» **Dataset records**
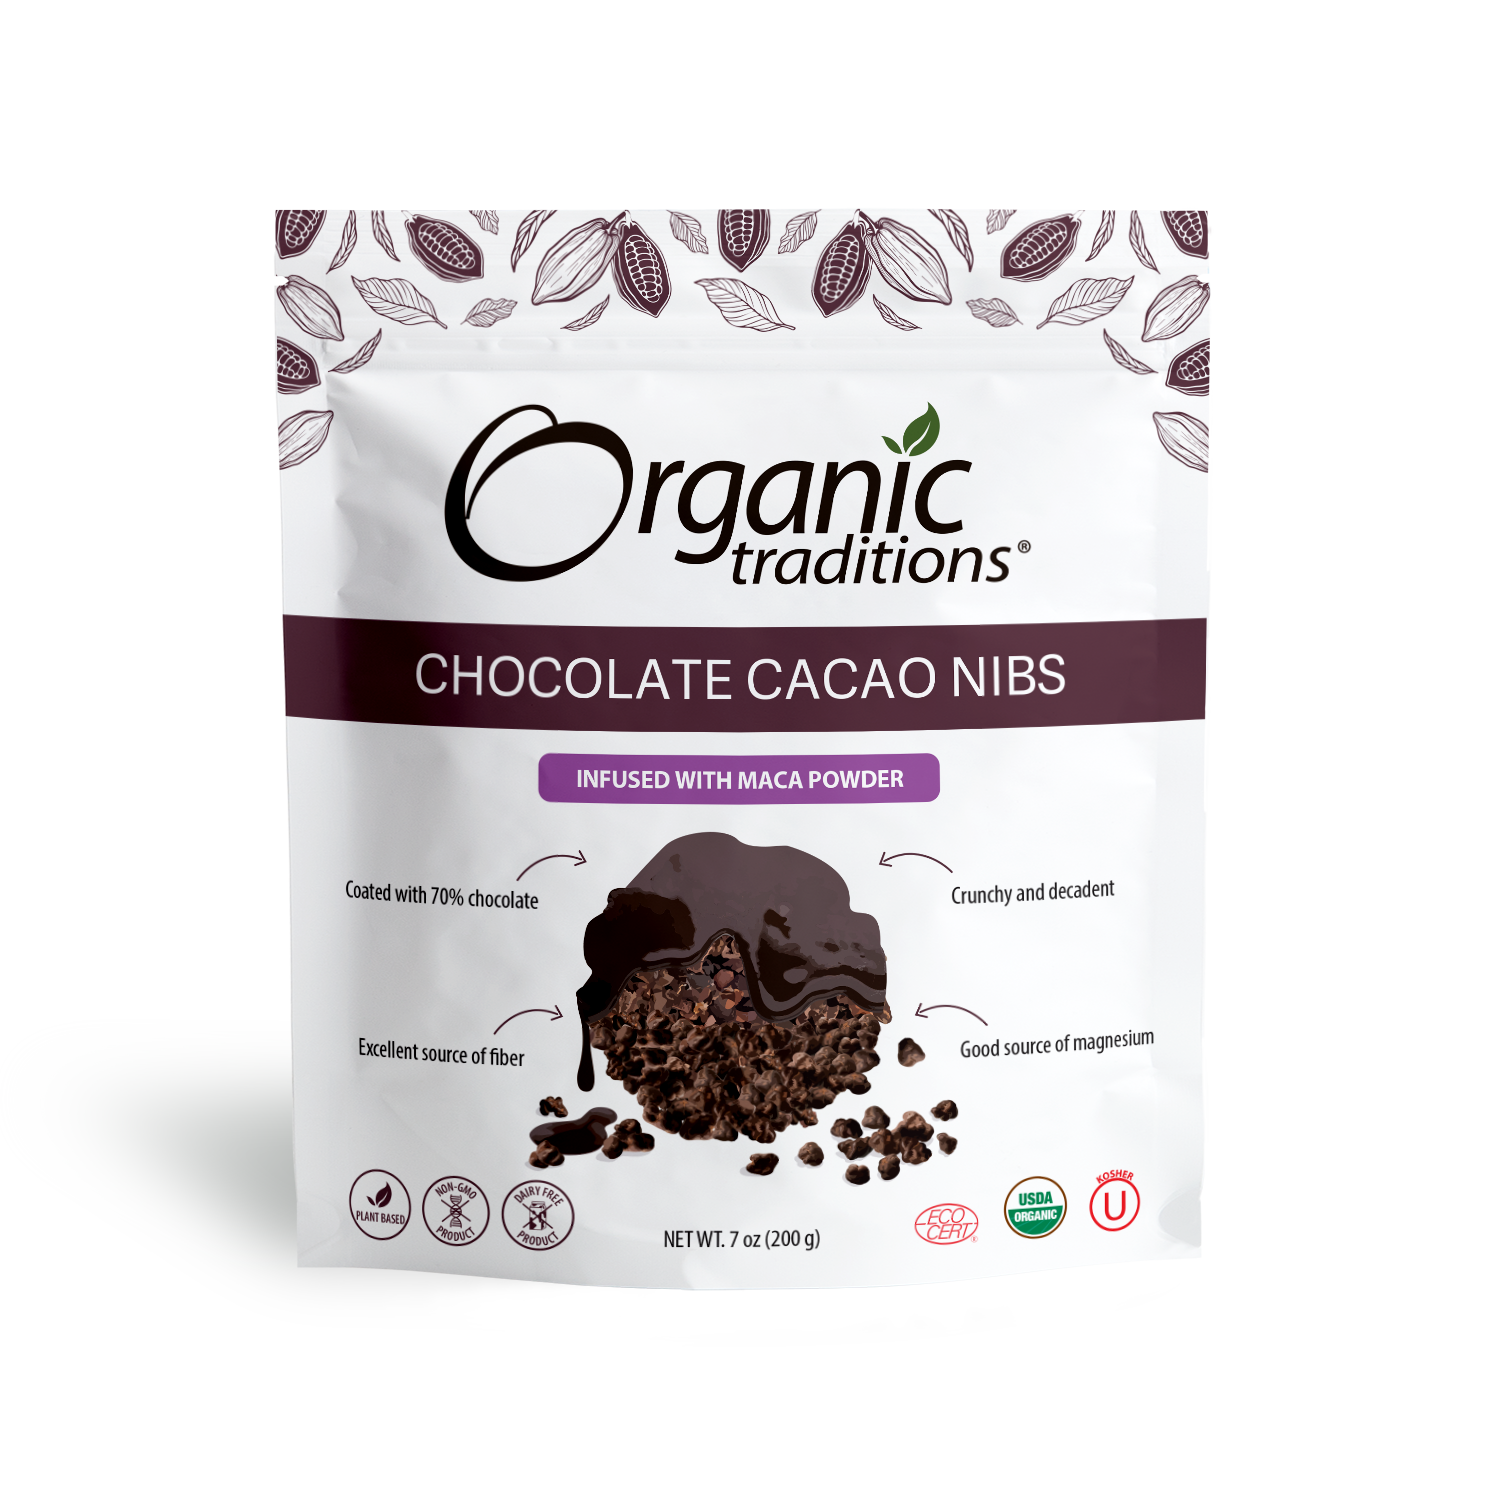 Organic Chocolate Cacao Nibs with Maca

...

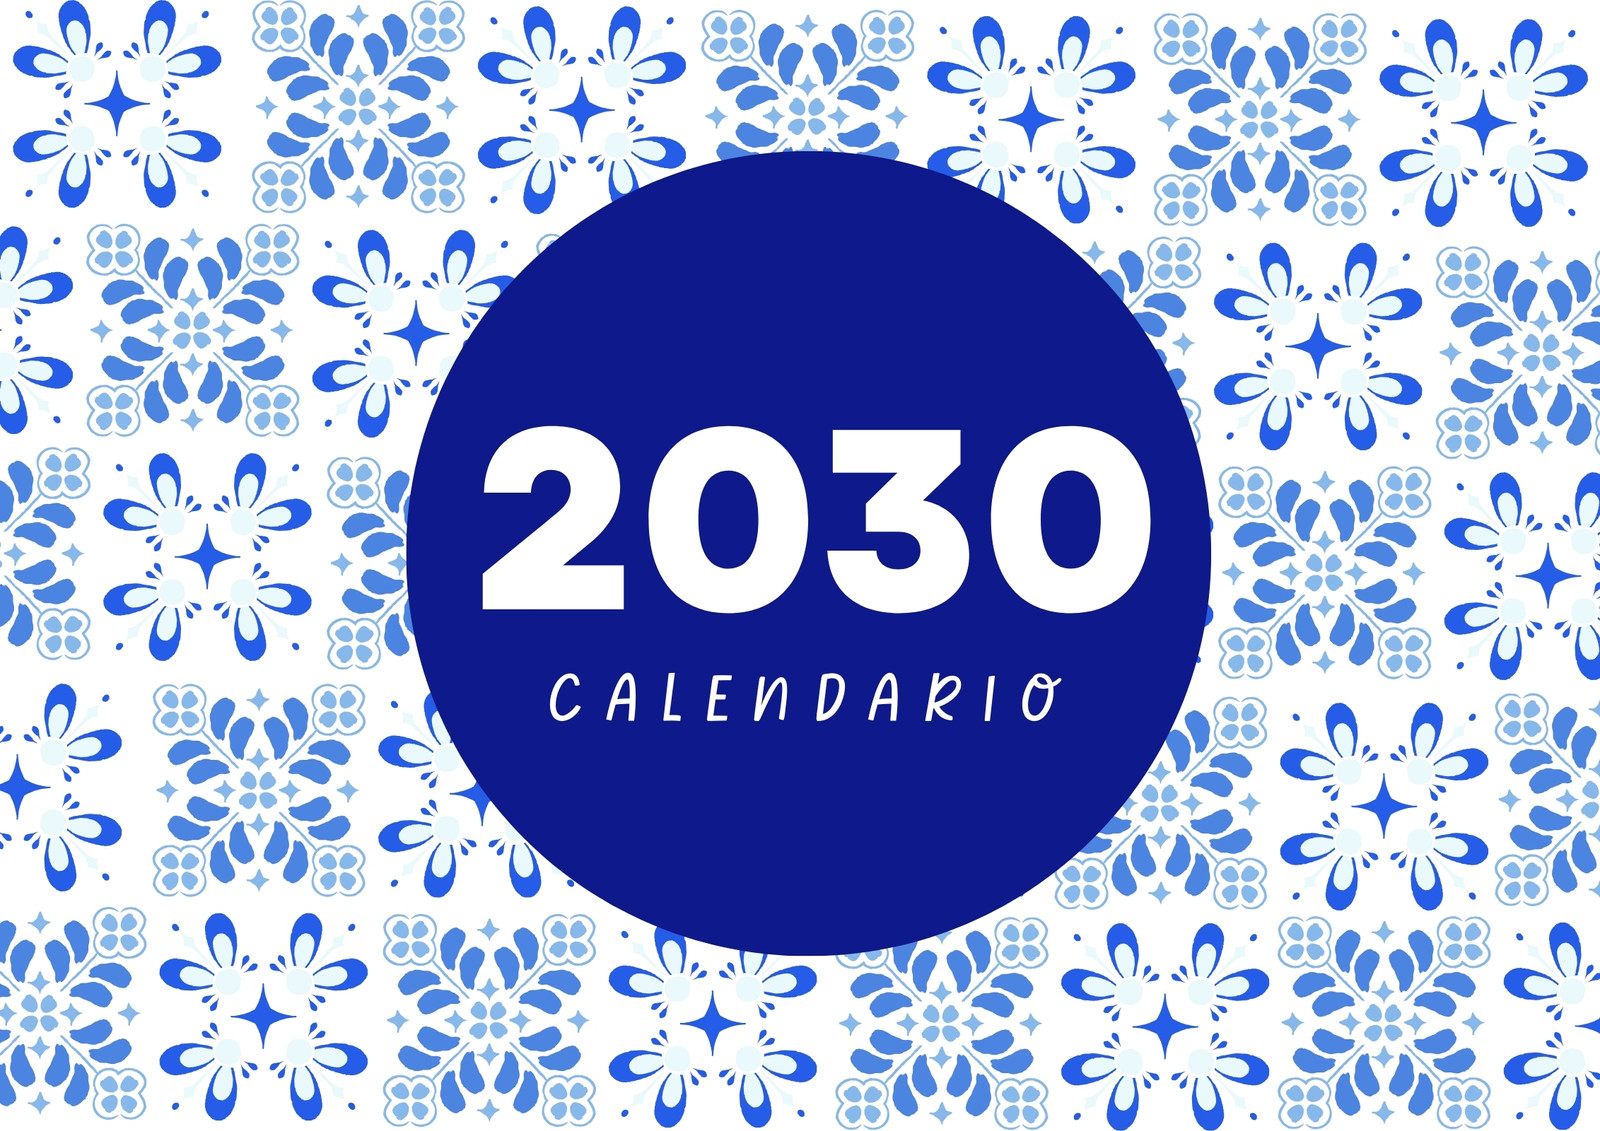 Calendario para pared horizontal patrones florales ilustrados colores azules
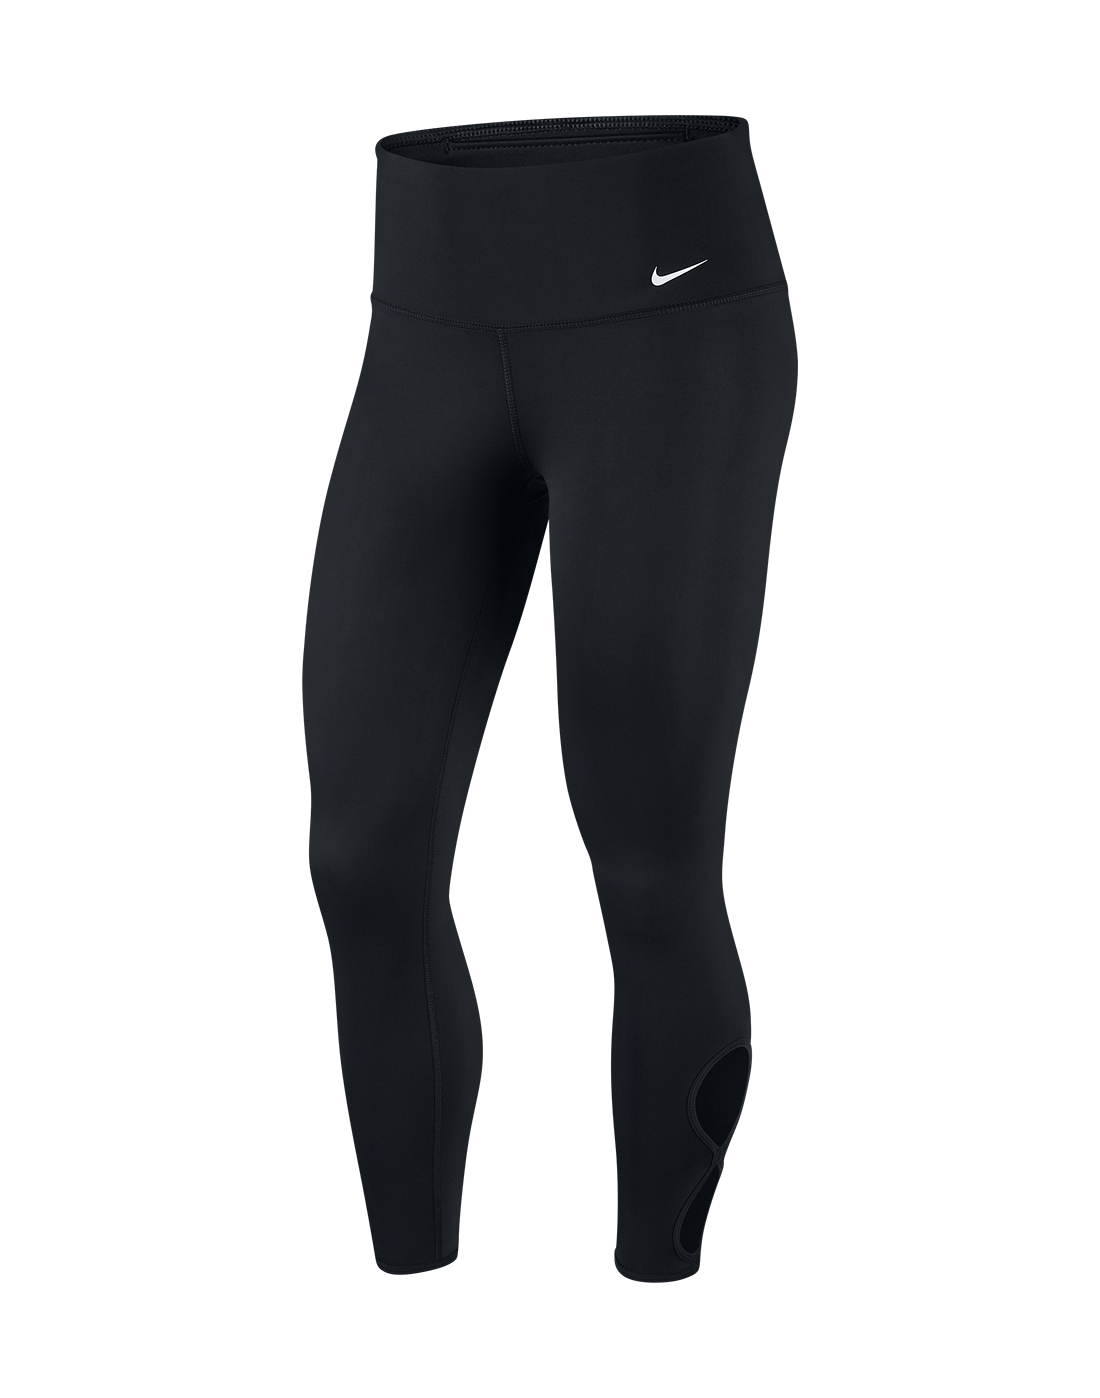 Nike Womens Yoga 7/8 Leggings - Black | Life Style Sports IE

» **What you are asked to do**
Every line above from the one with "Calendario para pared" down to the one with "Nike Womens Yoga" must be written out exactly, and no picture may appear.

» **Worked solution**
 Calendario para pared horizontal patrones florales ilustrados colores azules
 Nike Womens Yoga 7/8 Leggings - Black | Life Style Sports IE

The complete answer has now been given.